If left unmanaged, your data can become overwhelming, making it difficult to procure information you need when you need it. While software (including Sherpa’s) is designed to address archiving, e-discovery, compliance, etc., the overarching goal is most always the same: to make managing and maintaining data a feasible task. In this post, you’ll see two types of data you’re accustomed to working with, paying close attention to the differences between structured and unstructured data.
What is Structured Data?
Before getting into unstructured data, you need to have an understanding for its structured counterpart. Structured data (as explained succinctly in Big Data Republic’s video) is information, usually text files, displayed in titled columns and rows which can easily be ordered and processed by data mining tools. This could be visualized as a perfectly organized filing cabinet where everything is identified, labeled and easy to access. Most organizations are likely to be familiar with this form of data and already using it effectively, so let’s move on to the hotter question.
What is Unstructured Data?
Believe it or not, your database of structured information doesn’t even contain half of the information available for your use! Seth Grimes, a leading industry analyst on the confluence of structured and unstructured data sources, published an article that stated, “80% of business-relevant information originates in unstructured form, primarily text.” This may seem like an outlandish percentage, but don’t jump to conclusions too fast. We’re just getting started.
Now that you have a grasp on structured data, it will be much easier to understand what unstructured data is. Unstructured data, usually binary data that is proprietary, is that which has no identifiable internal structure. It can be visualized as a level 5 hoarder’s living room; it’s a massive unorganized conglomerate of various objects that are worthless until identified and stored in an organized fashion. Once this organization process has taken place (through the use of specialized software), the items can then be searched through and categorized (to an extent) for obtaining insights. While data mining tools might not be equipped to parse information in email messages (however organized it may be), you may have very good reason to collect and categorize data from this source. This illustrates the importance and plausible breadth of unstructured data.
Email Has Structure, Right?
The term “unstructured” has faced major scrutiny for several reasons. One argument is that although some form of structure is not formally identified, it can still be implied and therefore should not be labeled as “unstructured.” The counter-point states that if data has some form of structure but is not helpful to the processing task at hand, it may still be characterized as “unstructured.” So, while email messages may contain information that does have some implied structure, we can label the information as “unstructured” because normal data mining tools aren’t equipped to parse it. Alas, both sides of the argument persist.
Unstructured Data Types
Unstructured data is raw and unorganized and organizations store it all. Ideally, all of this information would be converted into structured data however, this would be costly and time consuming. Also, not all types of unstructured data can easily be converted into a structured model. For example, an email holds information such as the time sent, subject, and sender (all uniform fields), but the content of the message is not so easily broken down and categorized. This can introduce some compatibility issues with the structure of a relational database system.

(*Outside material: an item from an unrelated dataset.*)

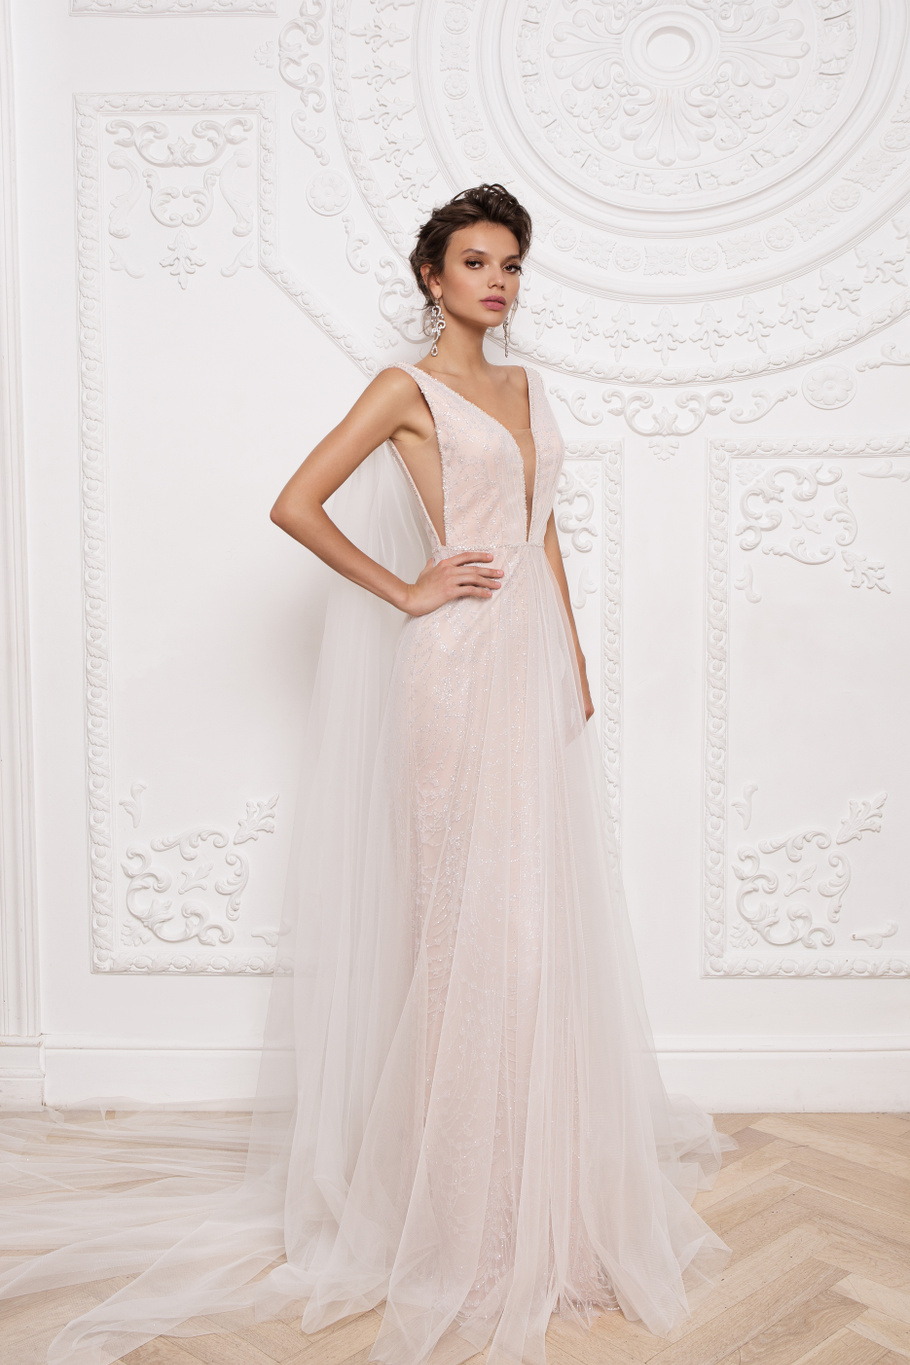 Купить свадебное платье «Прадин» Мэрри Марк из коллекции 2020 года в Краснодаре

In case you’re still not quite sure what we mean, here is a limited list of types of unstructured data:
- Word Processing Files
- PDF files
- Digital Images
- Social Media Posts
Looking at the list, you may be wondering what these files have in common. The files listed above can be stored and managed without the format of the file being understood by the system. This allows them to be stored in an unstructured fashion because the contents of the files are unorganized.
The big data industry is growing but the problem of unstructured data going unused has been identified by organizations. Better yet, technologies and services are being developed in reaction. Darin Stewart of InformationWeek said in a recent article about big data, “The age of information overload is slowly drawing to a close. Enterprises are finally getting comfortable with managing massive amounts of data, content and information. The pace of information creation continues to accelerate, but the ability of infrastructure and information management to keep pace is coming within sight. Big Data is now considered a blessing rather than a curse.”